The car stopped. Mr Dunning, still contemplating the blue letters on the yellow ground, had to be stimulated to rise by a word from the conductor. “I beg your pardon,” he said, “I was looking at that advertisement; it’s a very odd one, isn’t it?” The conductor read it slowly. “Well, my word,” he said, “I never see that one before. Well, that is a cure, ain’t it? Someone bin up to their jokes ’ere, I should think.” He got out a duster and applied it, not without saliva, to the pane and then to the outside. “No,” he said, returning, “that ain’t no transfer; seems to me as if it was reg’lar
in
the glass, what I mean in the substance, as you may say. Don’t you think so, sir?” Mr Dunning examined it and rubbed it with his glove, and agreed. “Who looks after these advertisements, and gives leave for them to be put up? I wish you would inquire. I will just take a note of the words.” At this moment there came a call from the driver: “Look alive, George, time’s up.” “All right, all right; there’s something else what’s up at this end. You come and look at this ’ere glass.” “What’s gorn with the glass?” said the driver, approaching. “Well, and oo’s ’Arrington? What’s it all about?” “I was just asking who was responsible for putting the advertisements up in your cars, and saying it would be as well to make some inquiry about this one.” “Well, sir, that’s all done at the Company’s office, that work is: it’s our Mr Timms, I believe, looks into that. When we put up tonight I’ll leave word, and per’aps I’ll be able to tell you tomorrer if you ’appen to be coming this way.”

This was all that passed that evening. Mr Dunning did just go to the trouble of looking up Ashbrooke, and found that it was in Warwickshire.

Next day he went to town again.
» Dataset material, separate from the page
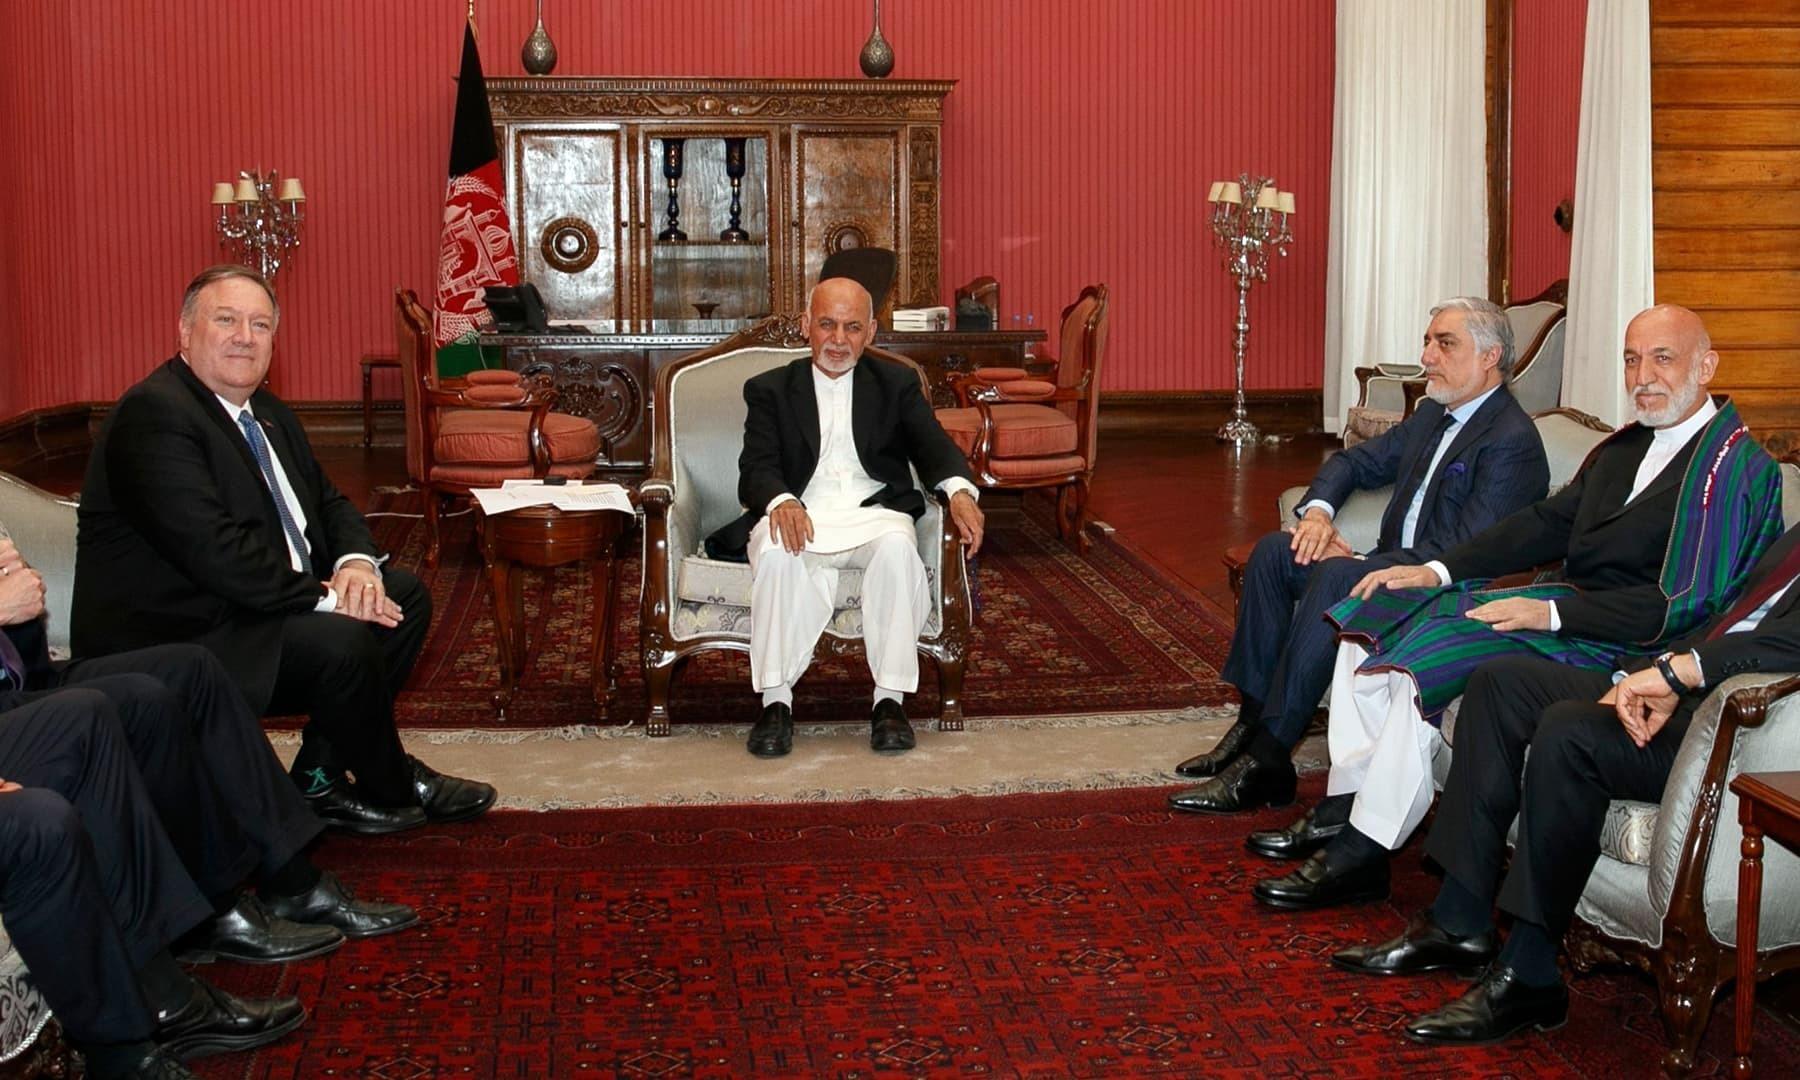 افغان رہنماؤں میں اختلاف، امریکا کا افغانستان کی امداد میں کمی کا فیصلہ

The car (it was the same car) was too full in the morning to allow of his getting a word with the conductor: he could only be sure that the curious advertisement had been made away with. The close of the day brought a further element of mystery into the transaction. He had missed the tram, or else preferred walking home, but at a rather late hour, while he was at work in his study, one of the maids came to say that two men from the tramways was very anxious to speak to him. This was a reminder of the advertisement, which he had, he says, nearly forgotten. He had the men in-they were the conductor and driver of the car—and when the matter of refreshment had been attended to, asked what Mr Timms had had to say about the advertisement. “Well, sir, that’s what we took the liberty to step round about,” said the conductor. “Mr Timms ’e give William ’ere the rough side of his tongue about that: ’cordin’ to ’im there warn’t no advertisement of that description sent in, nor ordered, nor paid for, nor put up, nor nothink, let alone not bein’ there, and we was playing the fool takin’ up his time. ‘Well,’ I says, ‘if that’s the case, all I ask of you, Mr Timms,’ I says, ‘is to take and look at it for yourself,’ I says. ‘Of course if it ain’t there,’ I says, ‘you may take and call me what you like.’ ‘Right,’ he says, ‘I will’: and we went straight off. Now, I leave it to you, sir, if that ad., as we term ’em, with ’Arrington on it warn’t as plain as ever you see anythink—blue letters on yeller glass, and as I says at the time, and you borne me out, reg’lar
in
the glass, because, if you remember, you recollect of me swabbing it with my duster.” “To be sure I do, quite clearly—well?” “You may say well, I don’t think. Mr Timms he gets in that car with a light—no, he telled William to ’old the light outside.’Now,’ he says, ‘where’s your precious ad. what we’ve ’eard so much about?’ ‘’Ere it is,’ I says, ‘Mr Timms,’ and I laid my ’and on it.” The conductor paused.